▶ _Provided material_:

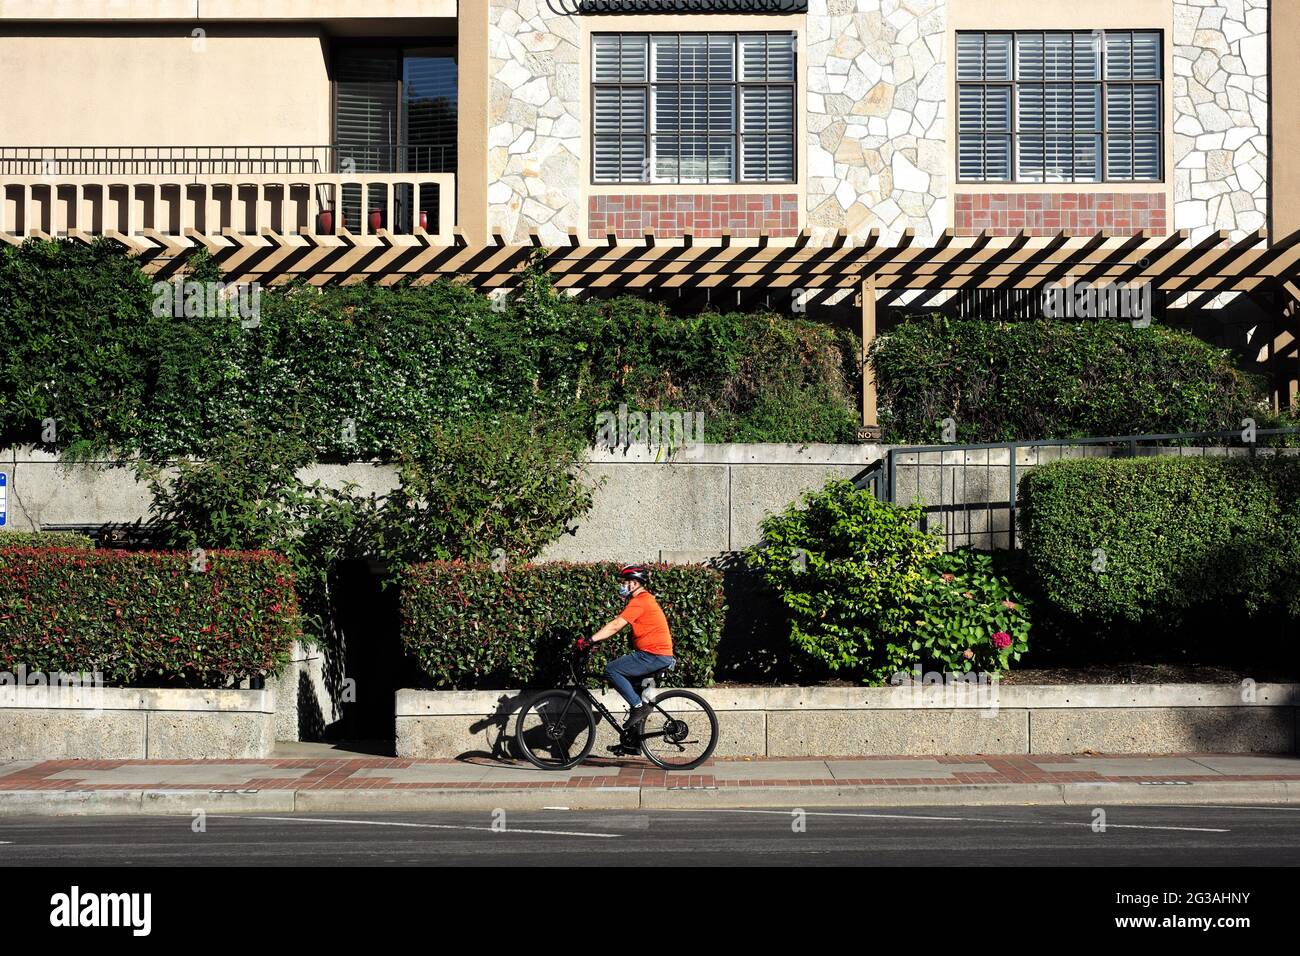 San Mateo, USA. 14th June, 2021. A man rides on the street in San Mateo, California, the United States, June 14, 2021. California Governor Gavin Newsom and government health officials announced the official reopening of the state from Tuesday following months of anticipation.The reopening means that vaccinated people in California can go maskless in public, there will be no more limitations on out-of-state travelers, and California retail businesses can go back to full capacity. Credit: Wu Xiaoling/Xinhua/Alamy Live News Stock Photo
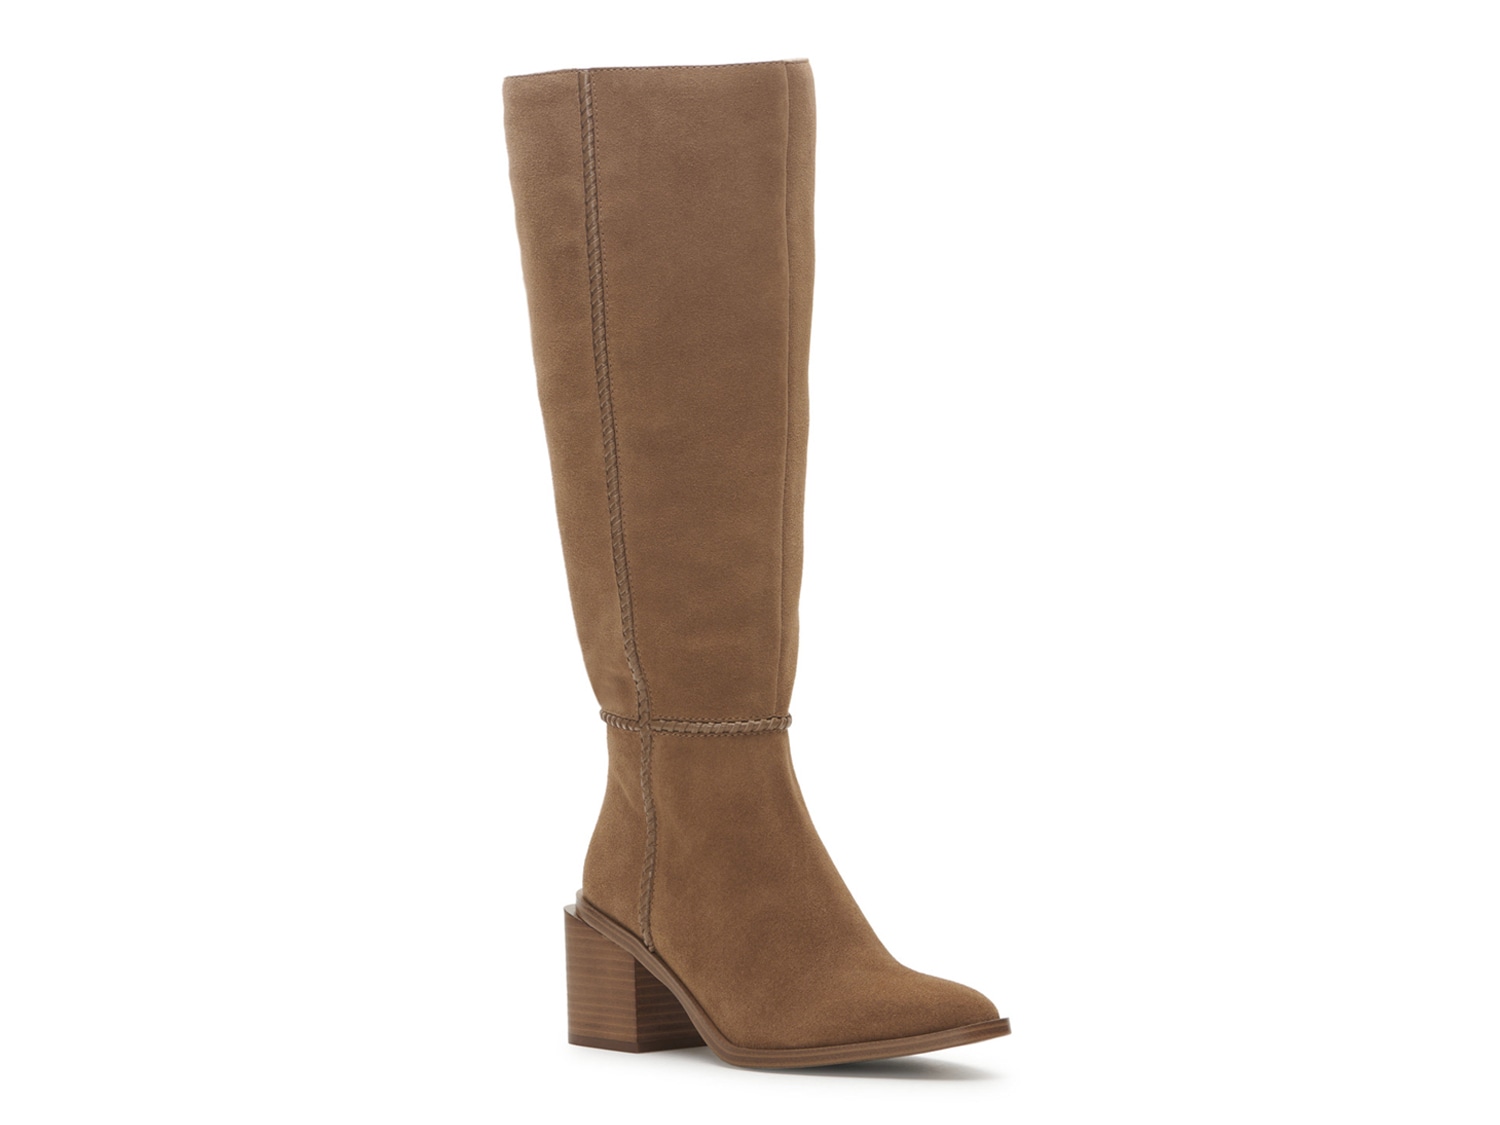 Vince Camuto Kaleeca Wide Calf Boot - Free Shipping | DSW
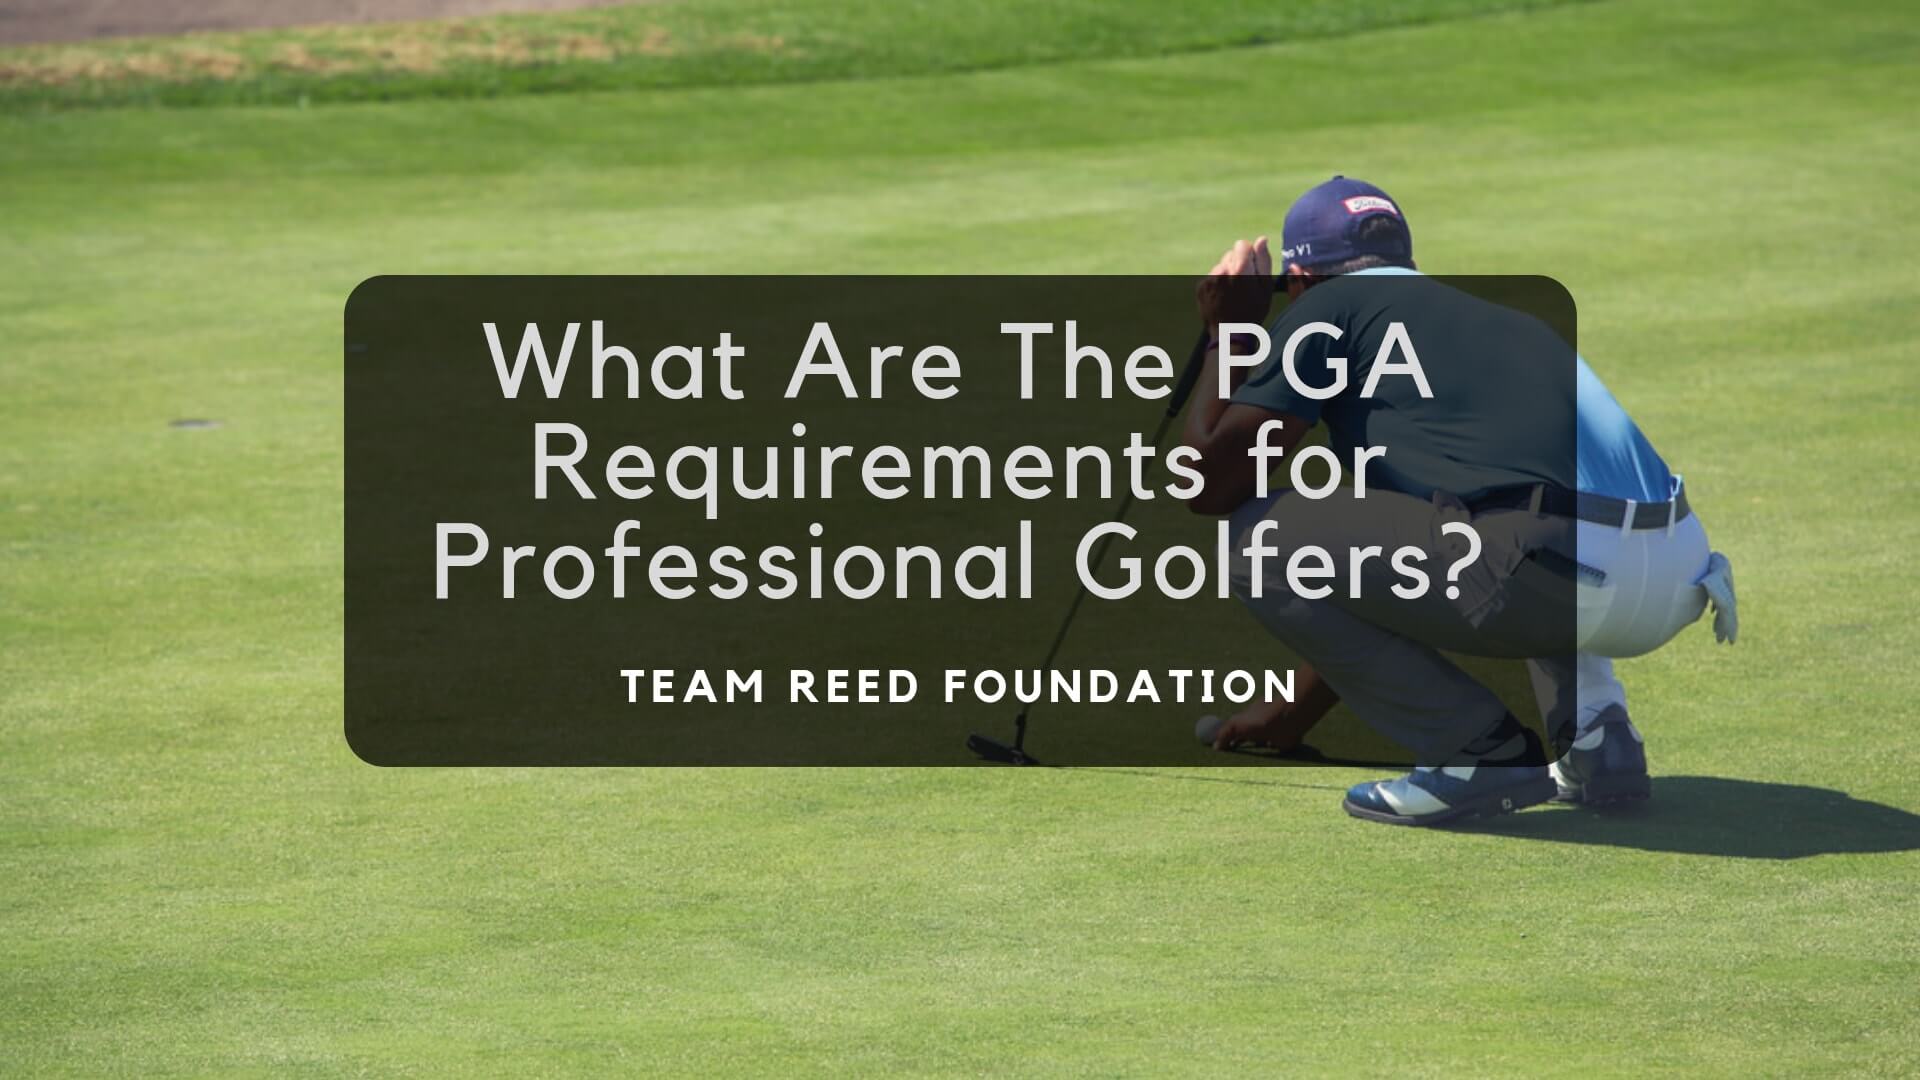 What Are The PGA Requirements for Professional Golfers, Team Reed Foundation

▶ _What to do_:
The expected output is the full data above, reproduced exactly with no images.

▶ _Finished exercise_:
 San Mateo, USA. 14th June, 2021. A man rides on the street in San Mateo, California, the United States, June 14, 2021. California Governor Gavin Newsom and government health officials announced the official reopening of the state from Tuesday following months of anticipation.The reopening means that vaccinated people in California can go maskless in public, there will be no more limitations on out-of-state travelers, and California retail businesses can go back to full capacity. Credit: Wu Xiaoling/Xinhua/Alamy Live News Stock Photo
 Vince Camuto Kaleeca Wide Calf Boot - Free Shipping | DSW
 What Are The PGA Requirements for Professional Golfers, Team Reed Foundation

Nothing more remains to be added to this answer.